Christians love to go, "Oh, the media is so liberal and doesn't represent [us]." Well, why don't we send our kids to journalism school? Instead of sitting on the sidelines or the safety net-it's kind of walking out on that wire.



It felt like as we were stepping out, trying to take our music beyond Christian music, and that half the people were going, "go for it" and the other half were going, "we want to keep you to ourselves." They're almost excited that we're going to fall or fail.



You played at the Republican National Convention last year. What was that like?

It was an interesting gig. A little older demographic then our normal fan base. I guess it felt like the spin was more of a political statement than we wanted it to be.
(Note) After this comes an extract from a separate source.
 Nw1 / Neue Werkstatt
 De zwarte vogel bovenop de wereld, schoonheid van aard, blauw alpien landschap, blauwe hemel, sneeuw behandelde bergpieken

With this album, we want to take our music to anyone that we can. If we had been asked to play at the DNC, we would have played at the DNC. But we weren't asked, because they didn't want to associate themselves with Christians or Christian music.



If you weren't the bass player for a popular band, what would you be doing?

Everyone says I'd be a politician.



Would you be a Republican or Democrat?

I have always thought I'd start my own party, sort of the Common Sense party, but they never seem to take off the ground. I actually got excited about the "compassionate conservatism" idea. Because I guess I'm more left-leaning socially and as relates to poverty and things like that. But probably more conservative in values.



Politics are like music. Everyone hates the labels.



It seems that talking about faith has become really popular lately. Why do you think that is?

I don't know. That's what we noticed. When we watched the Grammys and the Oscars, everyone's religious when they win their Grammy! We just try to live it out the other 364 days of the year.



I think that's just who America is. Our faith is a large part of who we are. For a long time, the media ignored that. Most people get up and go to church on Sunday morning. But how often do you see that on a TV show? I think for a while, it was almost like the elephant in the room as it relates to media-no one wants to talk about it and it's not politically correct, but everyone's doing it. I think after this last election, everyone's going, "this is a big part of who we are." Even after "The Passion of the Christ" and everything that stirred up, it was like, this is who we are, so let's all at least talk about it. Let's not pretend that we're all sterile [and] politically correct.



Do you have a favorite prayer?

Help!



That's my favorite too.

I don't have a sort of go-to mantra or anything. Especially in Christian music, [people] ask, "So when were you born again?" or "When did you become a Christian?" And people will point out, "Oh, twelve years ago, I said this prayer."



[When] people ask me, "When did you become a Christian?" I'll say, "this morning." Because for me, it's more of just trying to start each day--a lot of times when I'm on that jog--and go, "God, I invite you to be part of my life today. I want to get to know you better and I recognize that I blow it and I need forgiveness and I give you my life."